Ostthüringer Zeitung vom 24. Oktober 2008

Kampfsport-Events in Gera abgesagt
Antifa warnt vor rechter Szene

Wie politisch ist ein Käfigkampf? Ist es pure Gewalt, ein reines Sport-Event? "Free Fight ist ein Ausdruck unserer gesellschaftlichen Kultur", sagt Uwe Schubert vom mobilen Beratungsdienst gegen Rechtsextremismus Mobit, "und beschreibt in seiner Brutalität eine Atmosphäre, in der ich mich nicht wohlfühle - die aber Rechtsextreme attraktiv finden." Zwei solcher Kampfsportveranstaltungen in Gera für dieses und nächstes Wochenende sind jetzt abgesagt. Der Veranstalter des "1. Käfigkampfes" musste gestern Abend aufgeben.

Hiesige Vereine, die hinter den Free-Fight-Events stehen bzw. dort in den Ring steigen, versuchen sich nicht zum ersten Mal im öffentlichen Auftritt. Bereits im Vorjahr hatte der Fightsport Gera e.V. einen Käfigkampf in der Panndorfhalle angemeldet. Nach der Intervention der Antifaschistischen Aktion Gera und dem Abspringen eingeladener Sportvereine platzte der Termin. Hauptkritik an Fightsport war, dass ein Sponsor aus der rechten Szene stammen sollte. Zwar hat sich der Verein inzwischen vom Unterstützer getrennt, doch ein Link führt immer noch an dessen Adresse. Die Antifa Gera warnt in einem offenen Brief, dass sich hinter den Veranstaltungen "weiterhin Neonazis" verbergen.
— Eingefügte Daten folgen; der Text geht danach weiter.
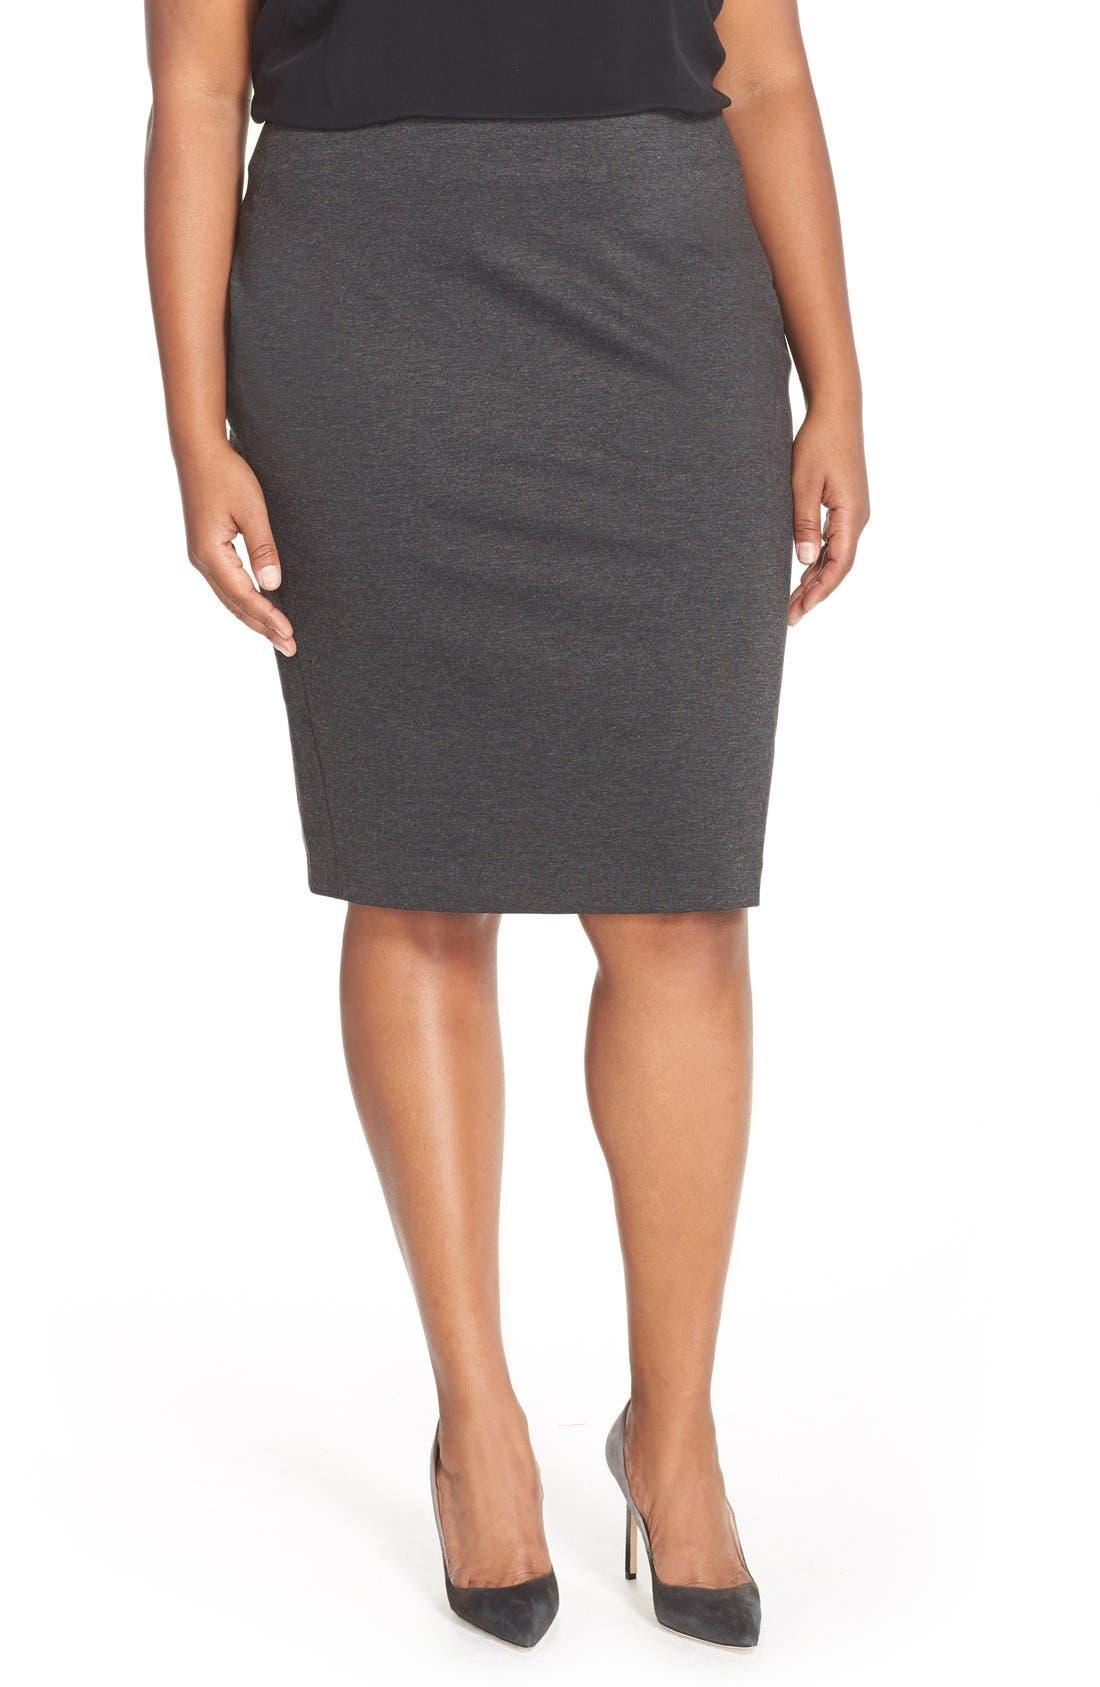 Main Image - Vince Camuto Ponte Knit Skirt (Plus Size)

"Wir haben mit Rechts nichts zu tun", beharrt Vereinsgründer Jörg Rauschning. Erwähnten Link will er auf Nachfrage löschen. Eine klare Distanzierung sieht freilich anders aus.
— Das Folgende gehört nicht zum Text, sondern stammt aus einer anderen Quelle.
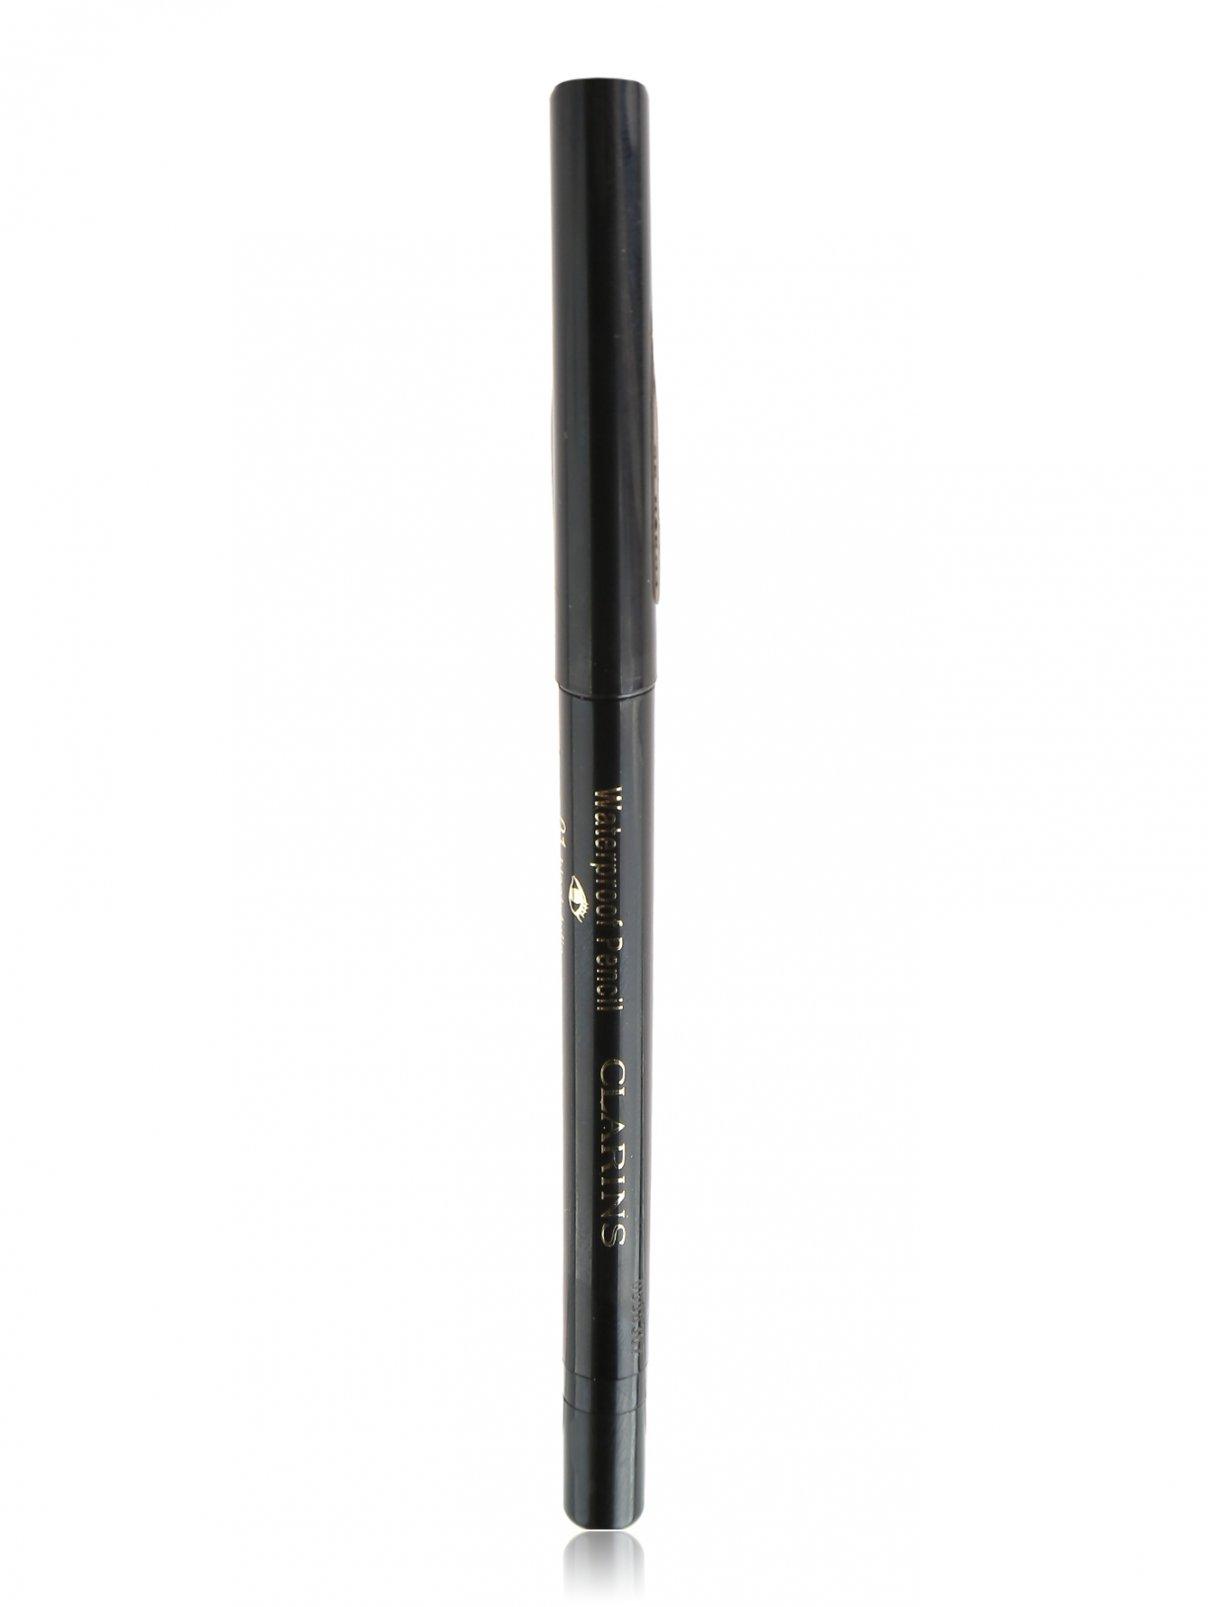 Карандаш для глаз Waterproof Pencil 04 Makeup Clarins  –  Общий вид

Stattfinden sollte der Käfigkampf im Geraer Lokschuppen, den der Verein Geraer Eisenbahnwelten betreibt. "Wir wollten mit der Veranstaltung auf unser Gelände aufmerksam machen", sagt Vereinsvorsitzender Lars Neumann. Pure Blauäugigkeit? Die Deutsche Bahn, für die Genehmigung zuständig, hat die Veranstaltung auf ihrer Immobilie jetzt kurzfristig untersagt.

Frühzeitig habe sich die Stadt Gera von der Veranstaltung distanziert, heißt es auf Nachfrage aus dem Rathaus. Oberbürgermeister Dr. Norbert Vornehm (SPD) habe den Veranstalter aufgefordert, den Käfigkampf abzusagen, weil solche Veranstaltungen Publikum aus der rechten Szene anzögen. Die Stadt unterstütze solche Veranstaltungen in keiner Weise.
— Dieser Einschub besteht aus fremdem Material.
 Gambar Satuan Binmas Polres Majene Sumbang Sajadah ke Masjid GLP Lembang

Naumann behauptet von einem solch klaren Bekenntnis nichts gewusst zu haben, "da hätten wir alle Vorbereitungen sofort gestoppt". Stattdessen habe der Fachdienst Bauvorhaben eine Reihe bauordnungsrechtlicher Auflagen erteilt. Offensichtlich taten sich Verwaltungsmitarbeiter mit klaren Worten schwer. Noch gestern versuchte ein Hauptsponsor des Fightsport e.V., ausgerechnet über die Stadtverwaltung einen Ausweichort zu finden. Und Baudezernent Ramon Miller (SPD) bestätigt, dass man geprüft habe, ob die städtische Halle Vollersdorfer Straße frei sei. "Das ist sie aber nicht." Der Hausherr hätte aber auch ohne Prüfung die missliebige Veranstaltung ablehnen können.

So wie bei einer Kampfsportveranstaltung des ebenfalls in die Schlagzeilen geratenen Eastfight e.V. am 1. November. Die war im städtischen Kultur- und Kongresszentrum gebucht worden. Durch eine Agentur, die Mitarbeiter nach Recherche mit Eastfight in Verbindung brachten. Ende September habe man daraufhin im gegenseitigen Einvernehmen "von der Veranstaltung Abstand genommen".